Почему же так? Разве не могло быть иначе? Ведь столько сил и средств тратилось перед войной на армию! Теперь уже не скрывают, что сил в начале войны у нас было достаточно. Танков даже больше, чем у немцев. Не все, правда, новые, но для обороны больше, чем нужно. И самолетов немало, но мы умудрились потерять в первый же день войны 2 тысячи машин на аэродромах, на земле! Одним словом, как всегда, был развал, головотяпство, негодная организация. Теперь, через много лет после войны, я думаю, что иначе быть не могло, ибо эта война отличалась от всех предыдущих наших войн не качеством, не манерой ее ведения, а лишь размахом. Здесь сказалась наша национальная черта: делать все максимально плохо с максимальной затратой средств и сил. Иногда в мемуарах генералов встречаются слова: «Если бы сделали так, а не так, если бы послушались меня, все было бы иначе…» Если бы да кабы!.. Иногда винят Сталина или других лиц. Конечно, Сталин — главное зло. Но ведь он появился не на пустом месте. Его фигура прекрасно вписывается в российскую историю, в которой полно великих преобразователей: Иван IV, Петр I, Николай I, Александр с Аракчеевым и многие другие. И все-то мы догоняем, все улучшаем, все-то рвем себе кишку, а ближнему ноздри, а в промежутках спим на печи. И все нет у нас порядка… Какая же страшная будет следующая война, если в эту, чтобы победить, надо было уложить чуть не половину русских мужиков… Такие мысли вызывает у меня вид из окна моей новой квартиры.
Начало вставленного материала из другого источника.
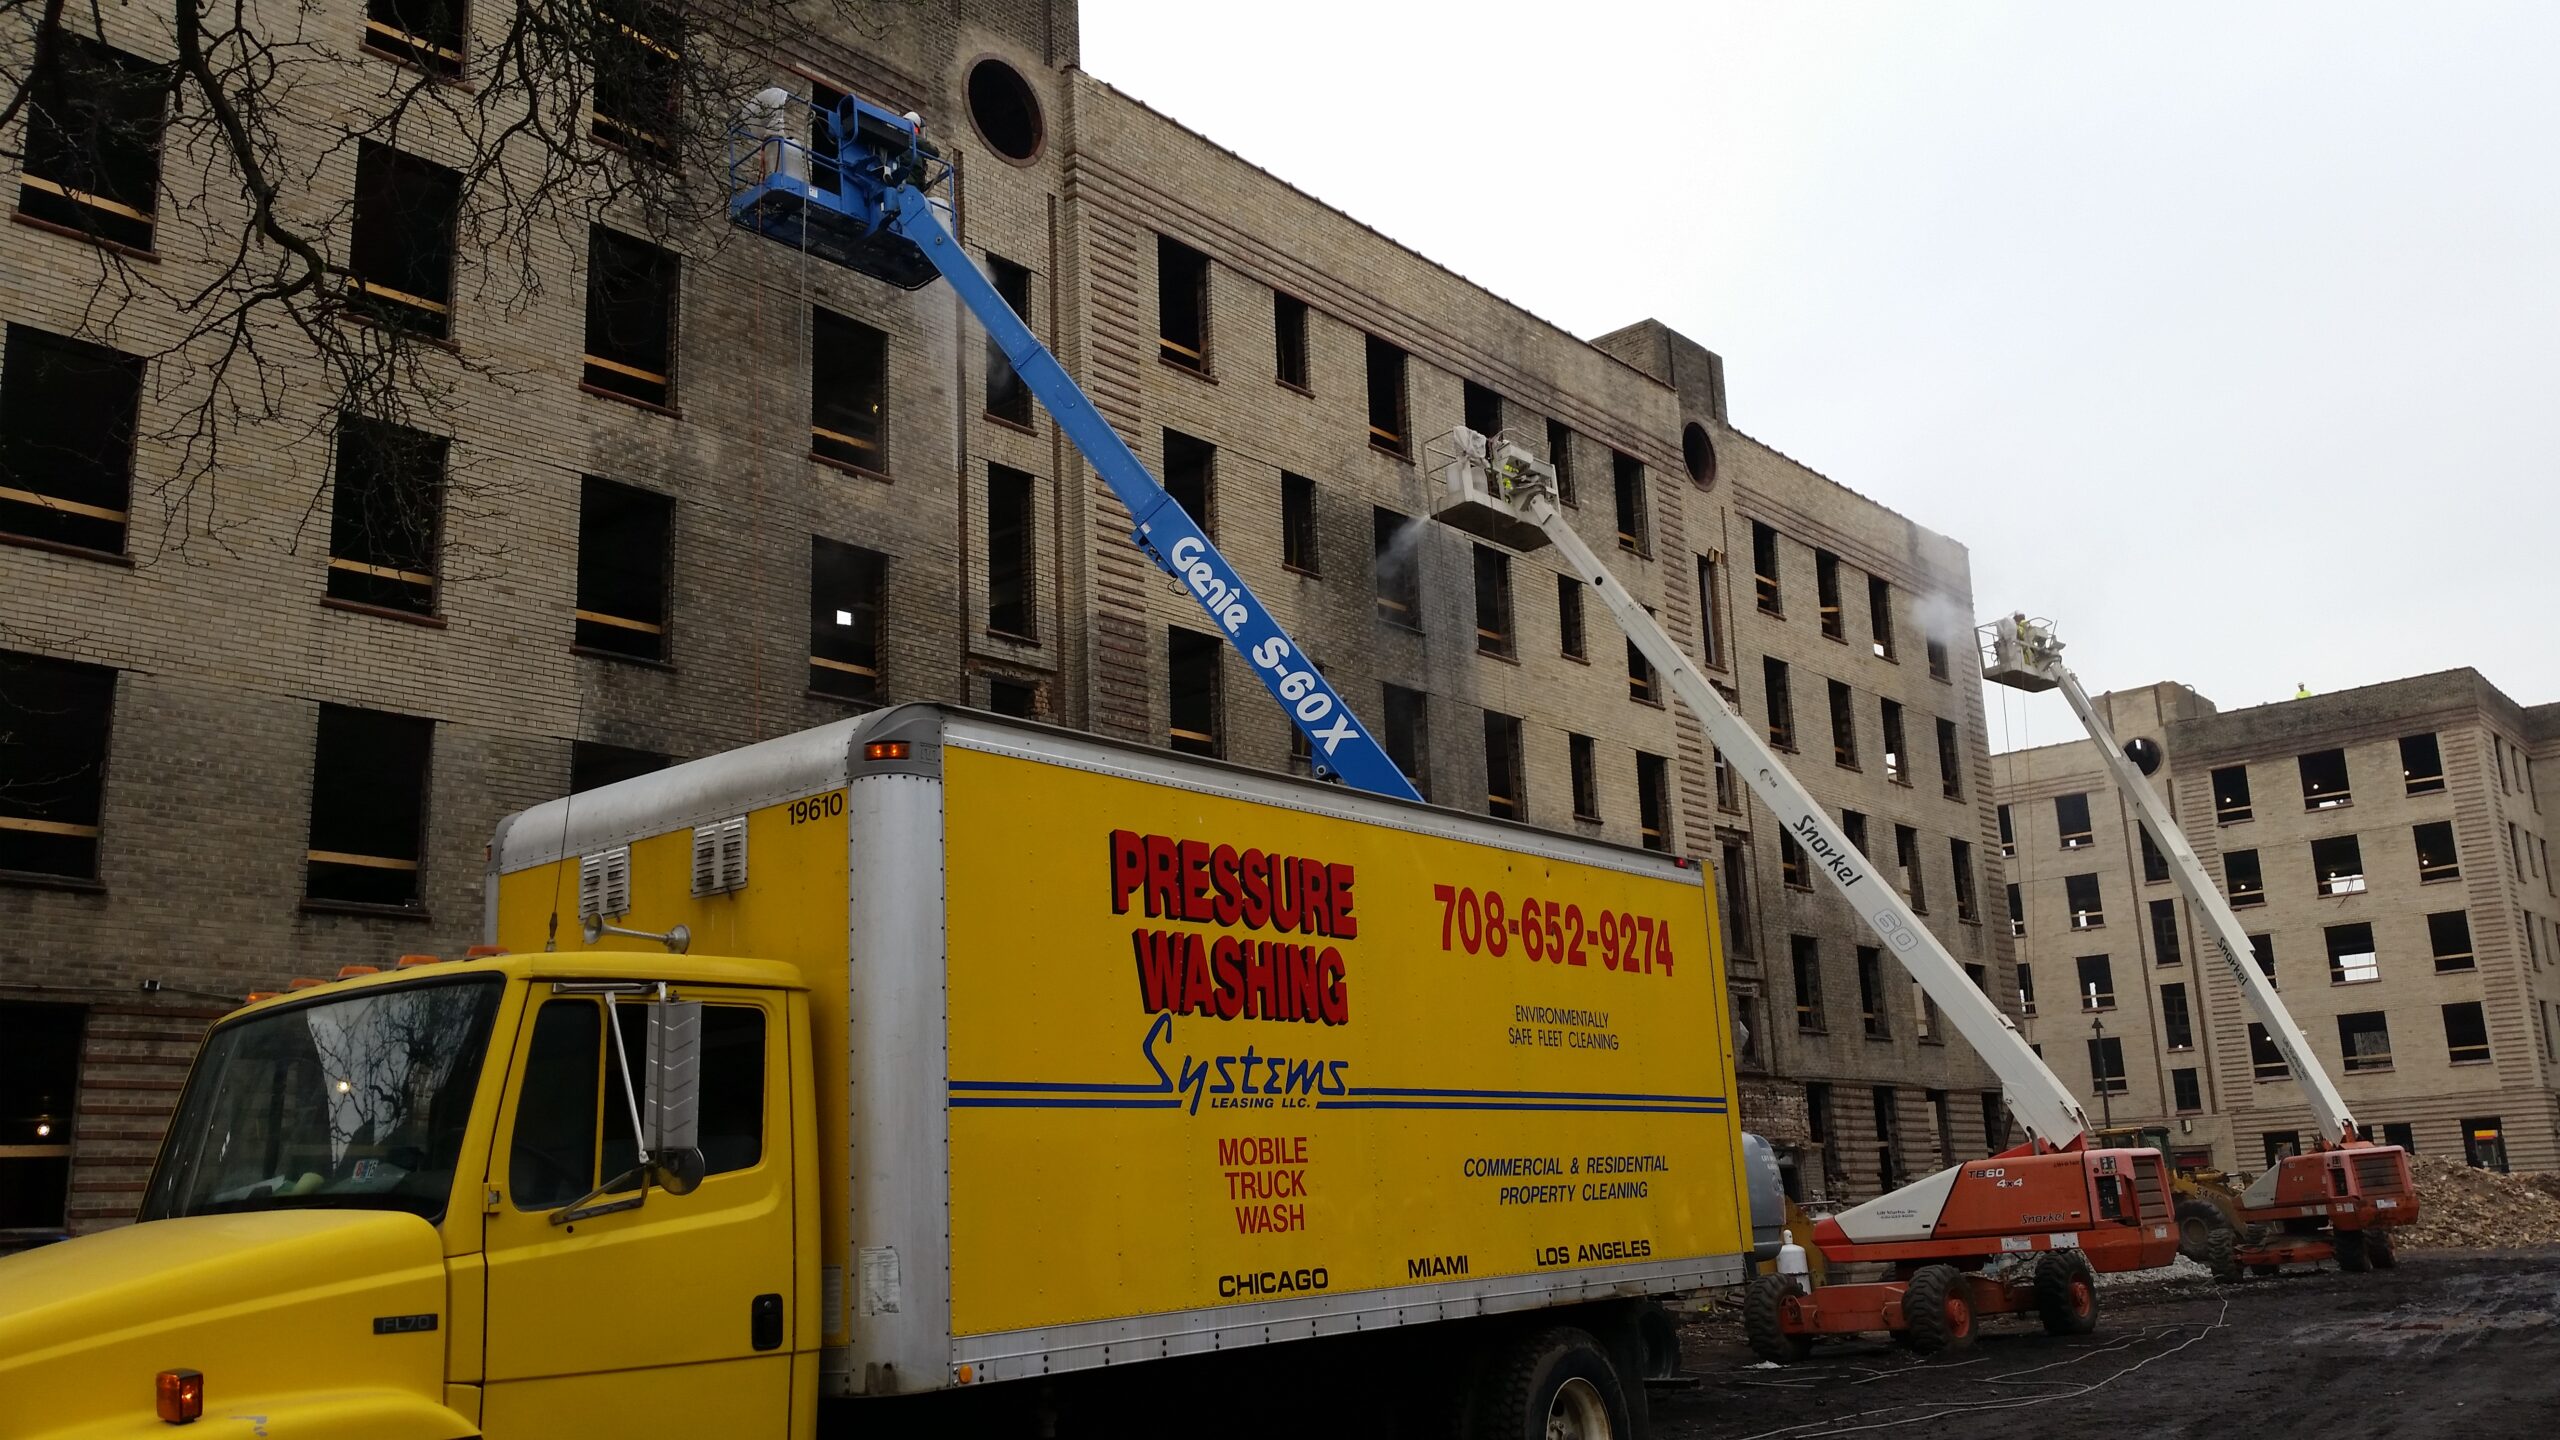 PWS owns a fleet of 40 trucks that are completely self-contained, meaning they can wash a building, pick up the wastewater, treat it on the truck with a sophisticated filtration system, and reuse that water to keep washing the building. Photo courtesy Pressure Washing Systems

Я вспоминаю другую картину, открывшуюся мне тоже с семиэтажной высоты. Однажды летом 1943 года мы сидели среди густых ветвей высокой ели на деревянном помосте, укрепленном почти у макушки дерева. На стволе были прибиты планки, заменявшие лестницу, по которой мы карабкались наверх. Это был наблюдательный пункт артиллерийского полка, километрах в полутора от передовой, с которого открывалась широкая панорама окрестностей. Синее небо расстилалось над нами. Светило солнышко. Сосна слегка покачивалась, ветви ее скрипели и распространяли аромат смолы.
У стереотрубы стоял наш командир — статный, красивый молодой полковник. Свежевыбритый, румяный, пахнущий одеколоном, в отглаженной гимнастерке. Он ведь спал в удобной крытой машине с печкой, а не в норе. В волосах у него не было земли, и вши не ели его. И на завтрак у него была не баланда, а хорошо поджаренная картошка с американской тушенкой. И был он образованный артиллерист, окончил Академию, знал свое дело. В 1943 году таких было очень мало, так как большинство расстреляли в 1939–1940 годах, остальные погибли в сорок первом, а на командных постах оказались случайно всплывшие на поверхность люди.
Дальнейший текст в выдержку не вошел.